Little Brown Bear
- Author: Claude Lebrun Danièle Bour
- Language: French
- Publication date: 1975
- Publication place: France

= Little Brown Bear (book series) =

Little Brown Bear (French: Petit Ours Brun) is a series of short illustrated stories for children telling the story of a brown bear cub surrounded by its parents. It began appearing in 1975 in Pomme d'Api magazine and in picture book form published by Bayard. It was created by Claude Lebrun and illustrated by Danièle Bour. Various writers have succeeded its creator, including Marie Aubinais.

The series has spawned three animated series and a musical.

== History ==
The character of Little Brown Bear was created in the 1970s by Claude Lebrun, a literature teacher at the Chateaubriand high school in Rennes, who was tired of telling her children classic tales. She quickly contacted the children's magazine Pomme d'Api and suggested the story of a bear who makes good resolutions for his third birthday: get dressed alone, set the table, go to the potty. The positive reactions of readers delighted with this story led to the character's continued existence. He was reworked by the editorial staff with psychologists, focusing on his private life, a novelty at the time, dominated by adventure stories and humorous characters. Between 1975 and the early 1980s, Claude Lebrun published around forty of these stories, all illustrated by the artist Danièle Bour, who used a refined, colorful design that was easy for young children to read. In the 1980s, the series was almost discontinued. However, from 1984, Marie Aubinais succeeded Claude Lebrun as screenwriter of Little Brown Bear, who returned to his job as a teacher.

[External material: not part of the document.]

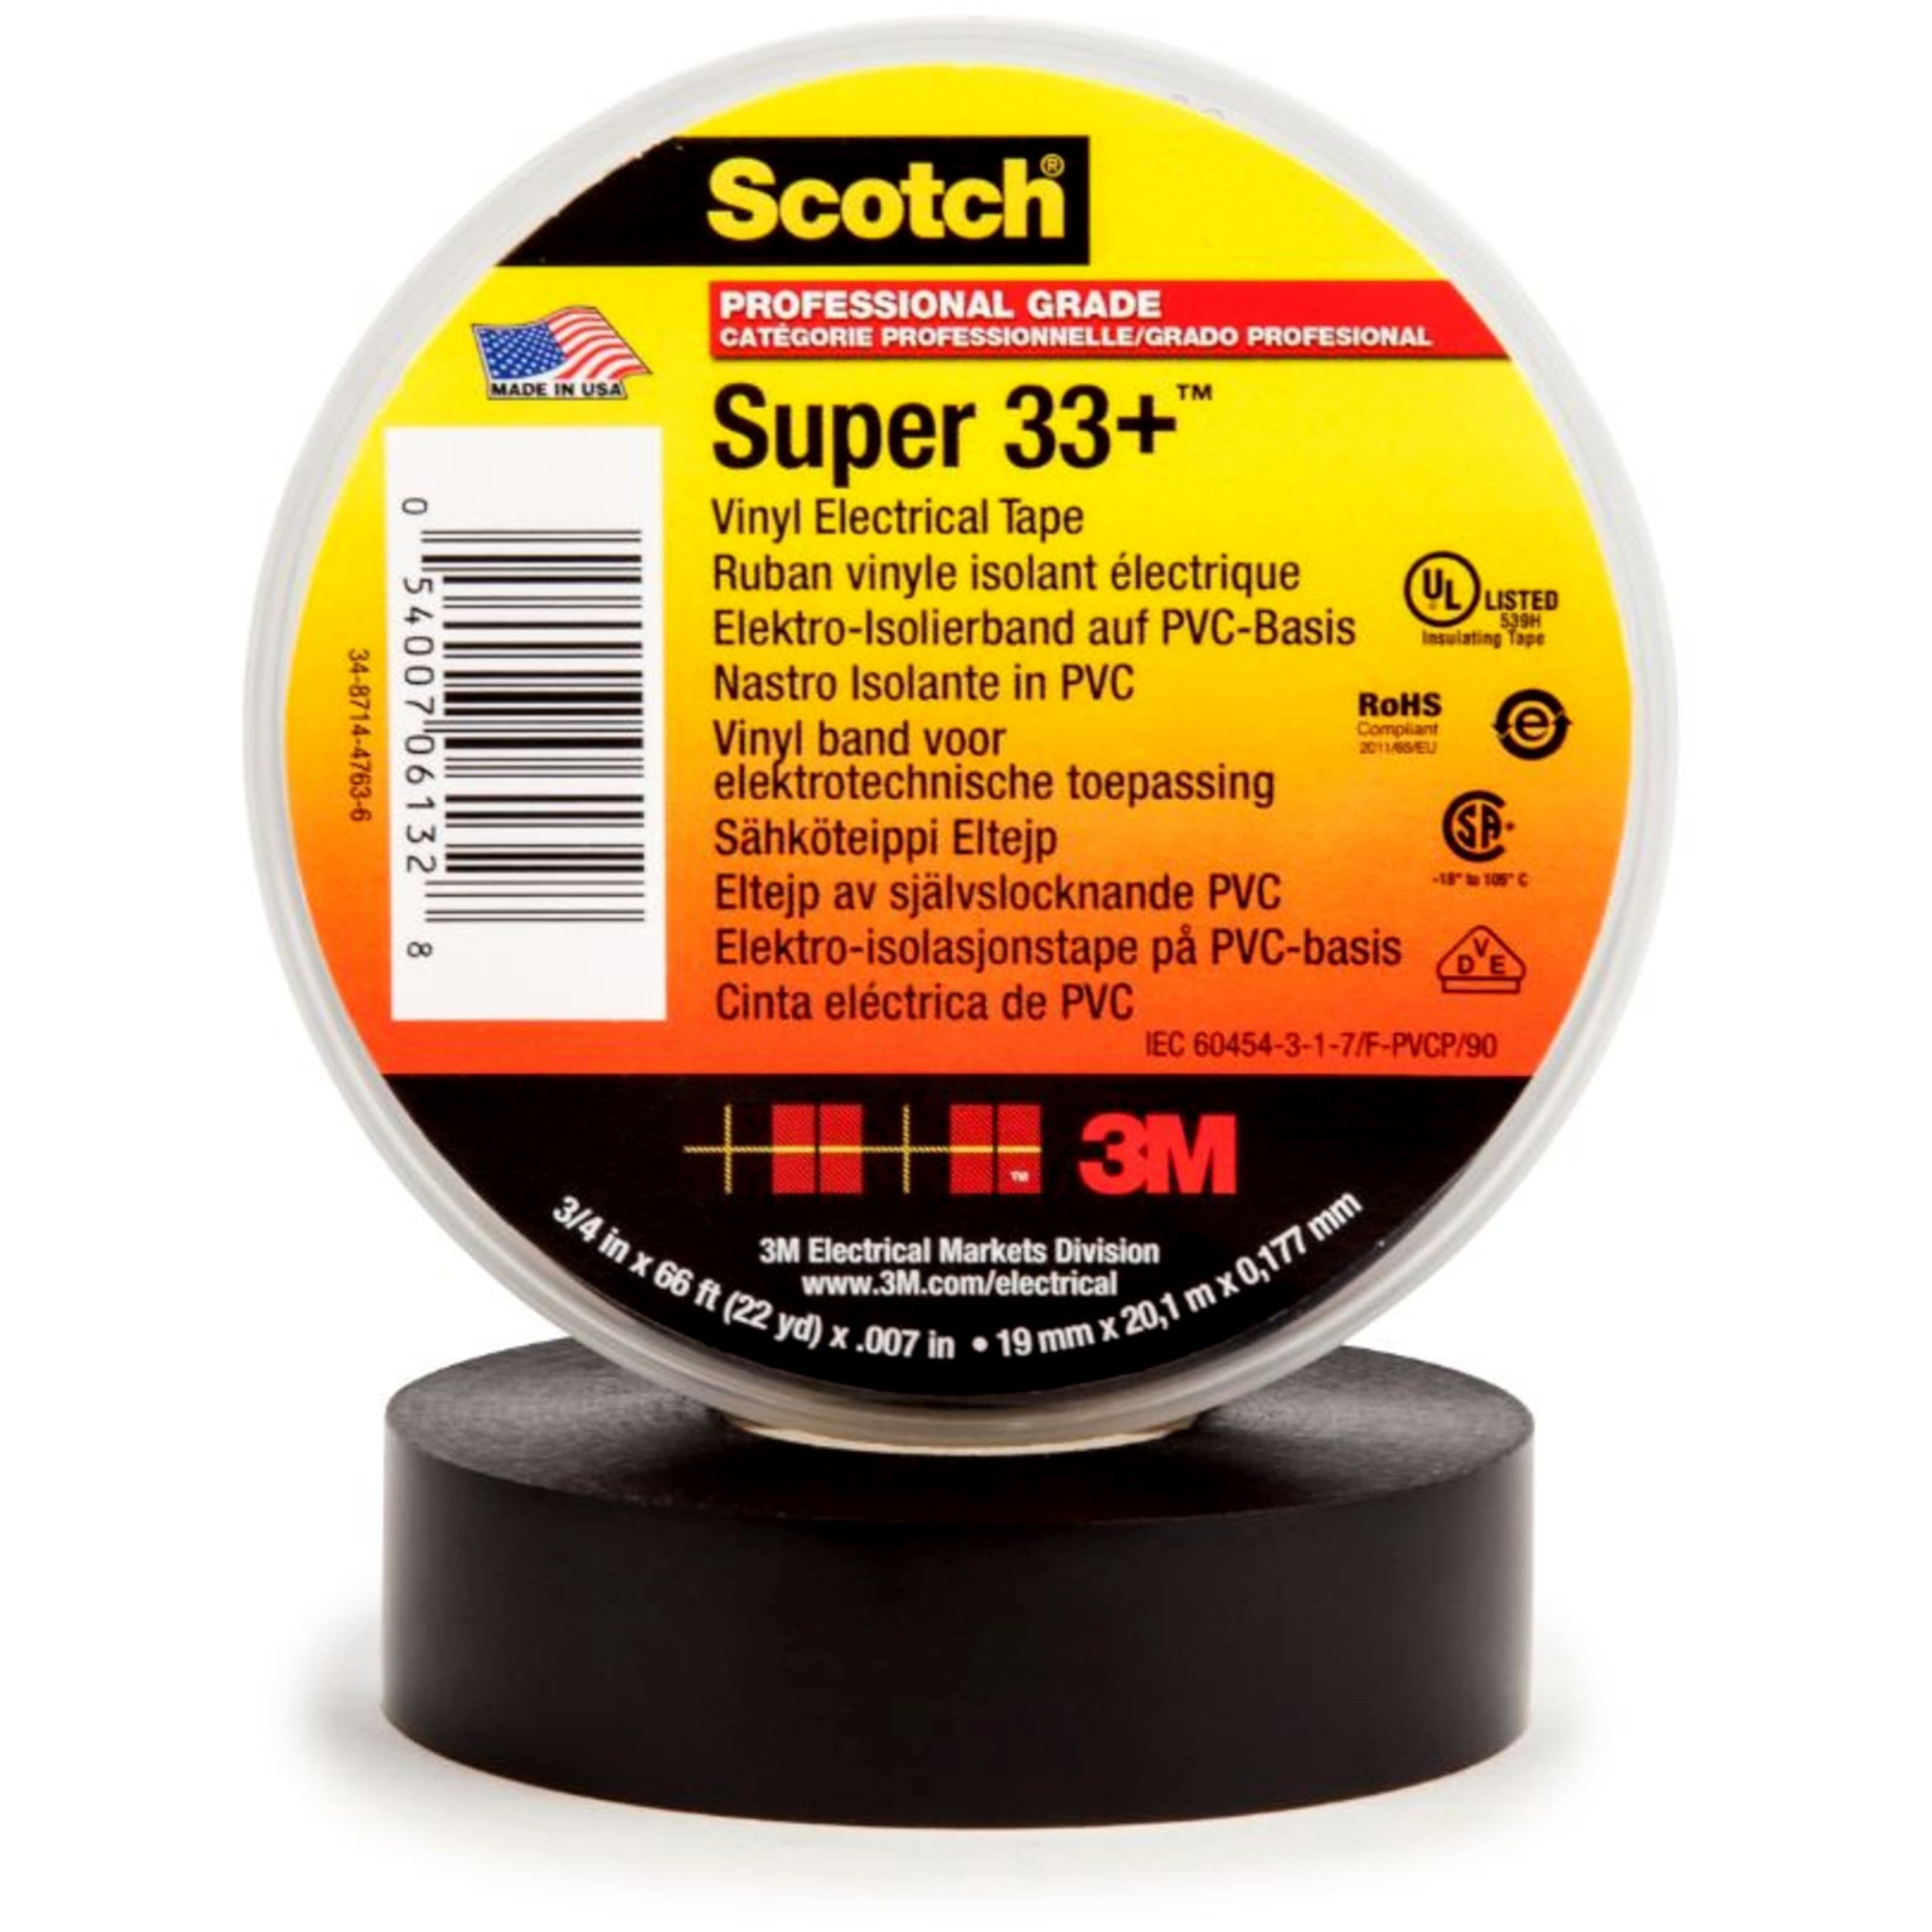 3M - Scotch Super 33+ Vinyl elektrische isolatietape, zwart, 19mm x 20m, 0,18mm
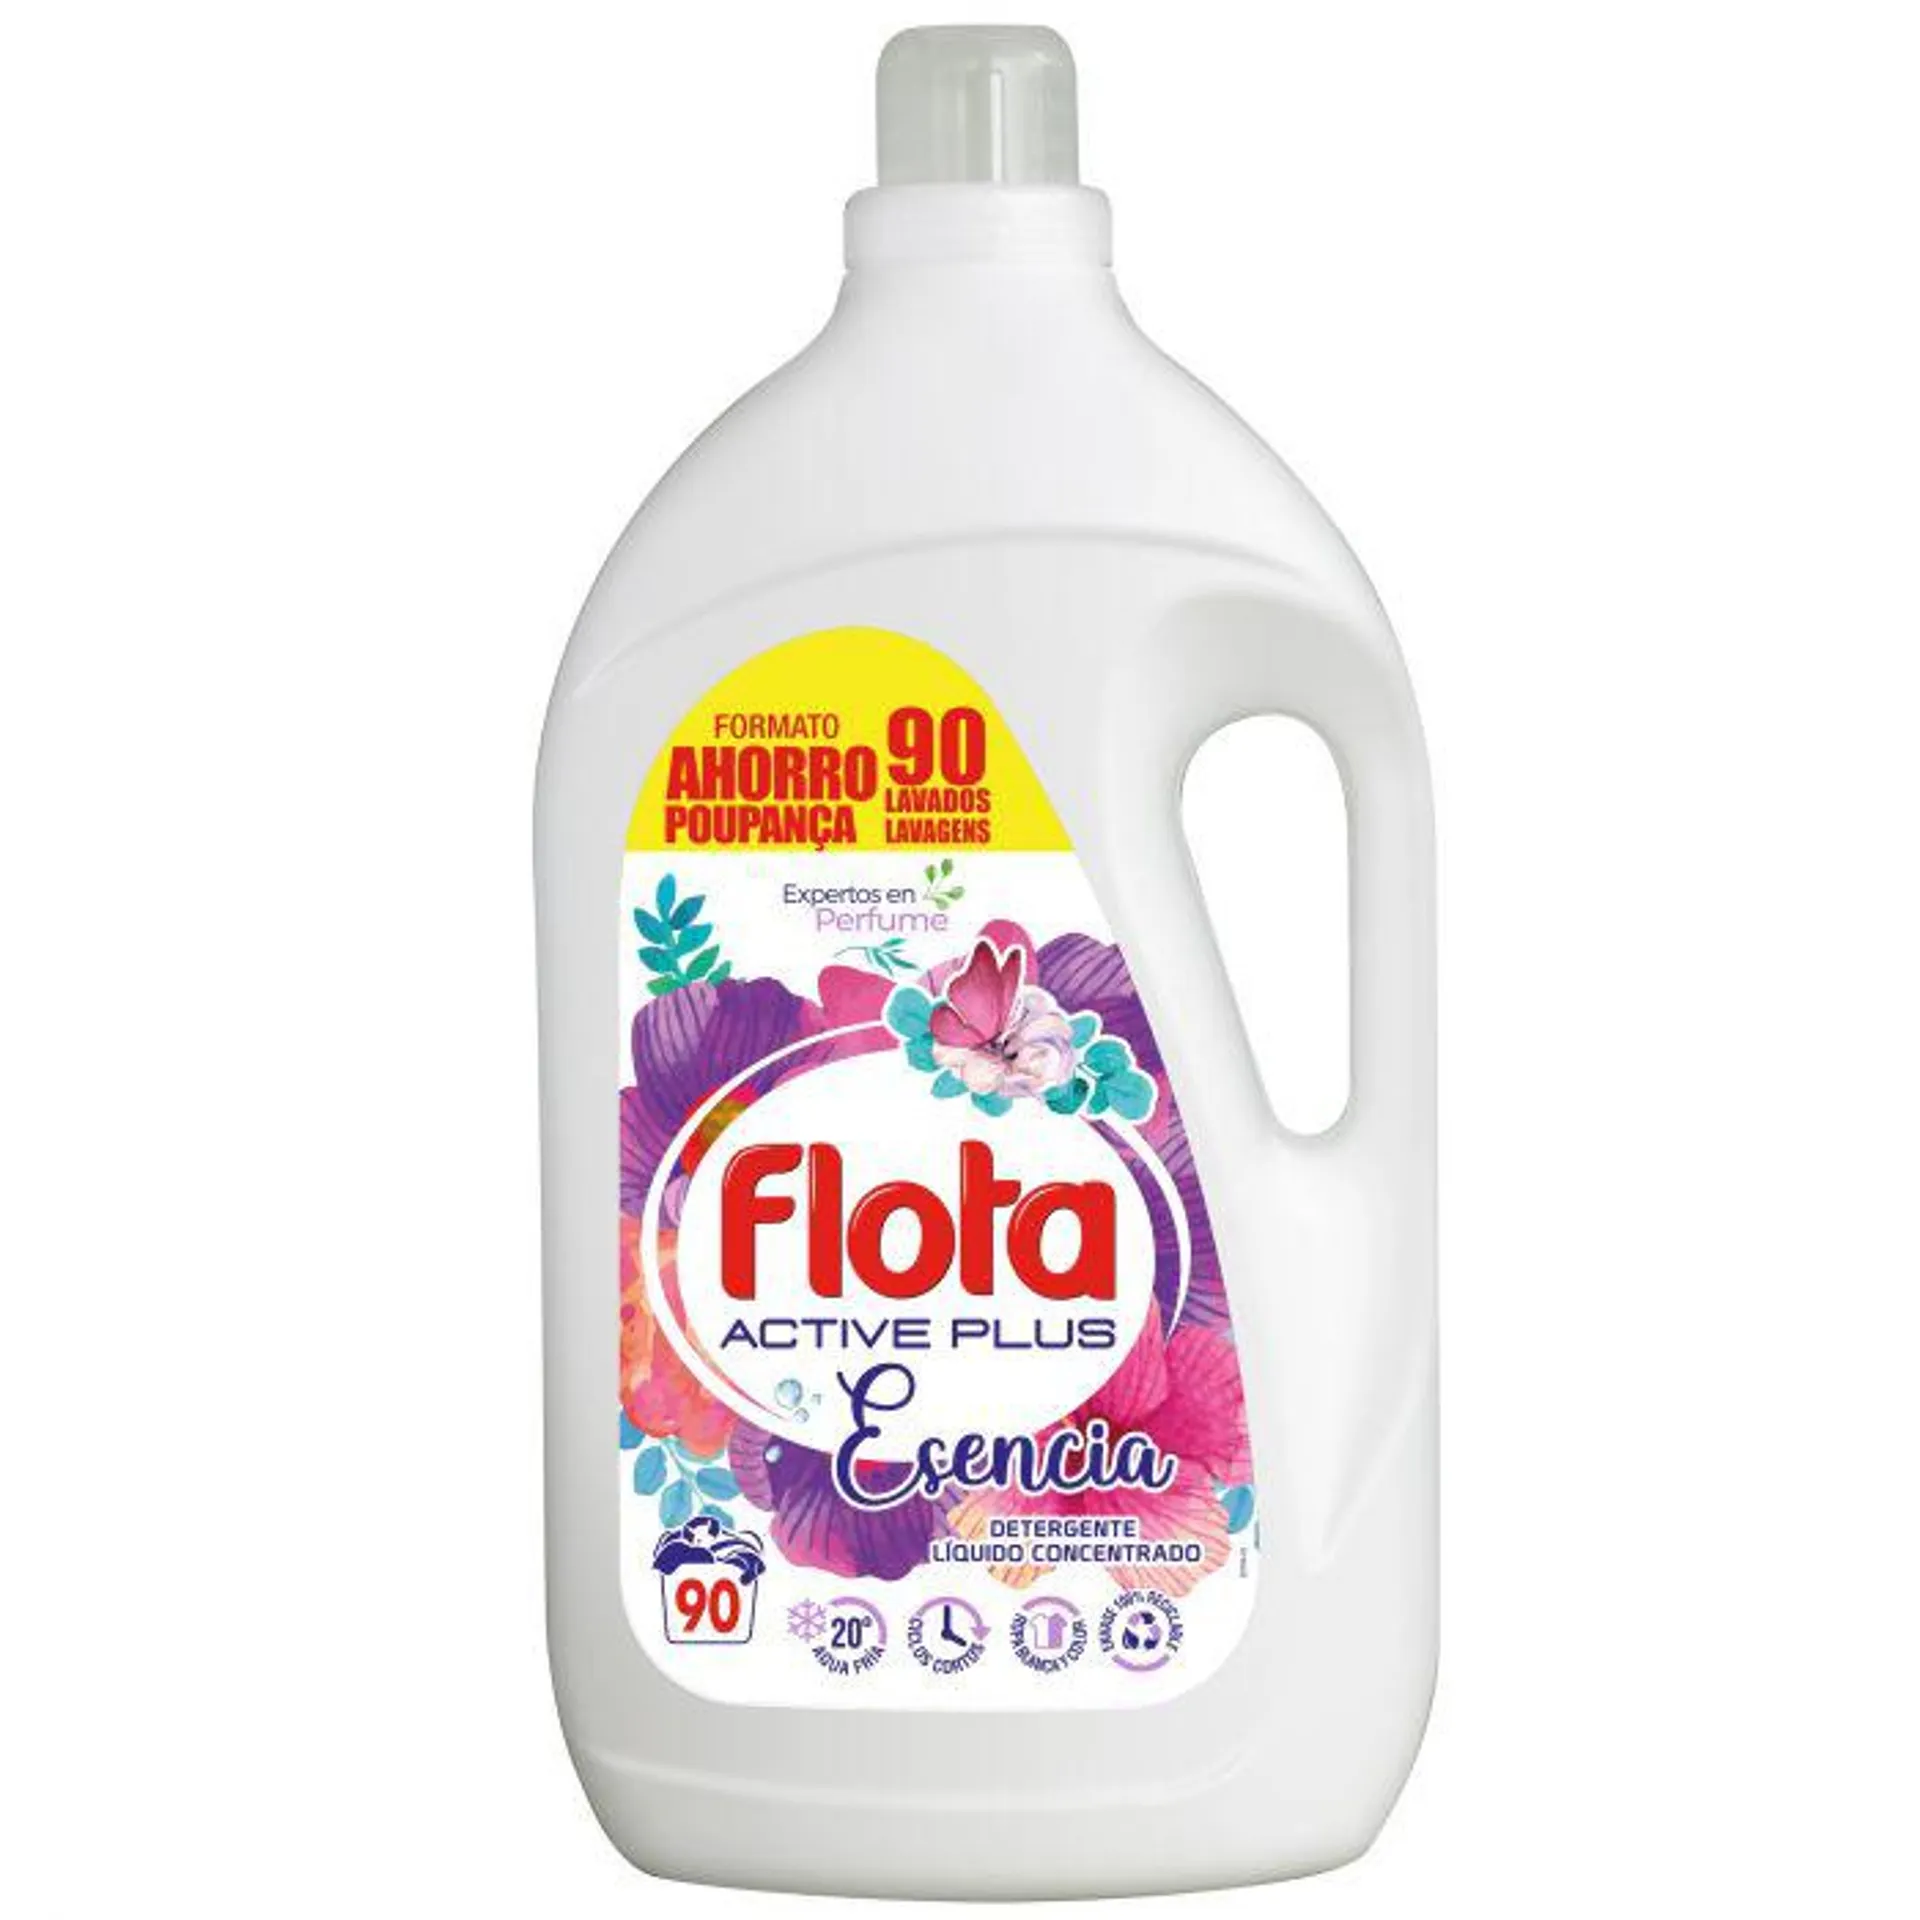 Detergente líquido esencia flota 90 dosis 4,95l

== Little Brown Bear outside of literature ==
Several TV series feature the character Little Brown Bear. The first, called Little Brown Bear, was in 1988 (100 episodes), the second, called The Adventures of Little Brown Bear, was in 2003 (52 episodes), and the third, called Little Brown Bear or Little Brown Bear 3D, was in 2018 (52 episodes).

The firm opposition between the genders, between a masculine exterior space and a feminine domestic space, as well as a reduced vision of intimate love are highlighted for the second series.

In 2007 Bayard asked YouTube to remove the videos of Little Brown Bear that the sharing site was broadcasting without authorization. With no response from YouTube, Bayard took the matter to court. In 2009, YouTube was ordered to pay 60,000 euros to Bayard Presse for having broadcast Petit Ours Brun without authorization and having taken time to remove it.

There is a Little Brown Bear musical created in 2016, as well as numerous derivative products (puzzles, dishes, sheets, stuffed animals, etc.).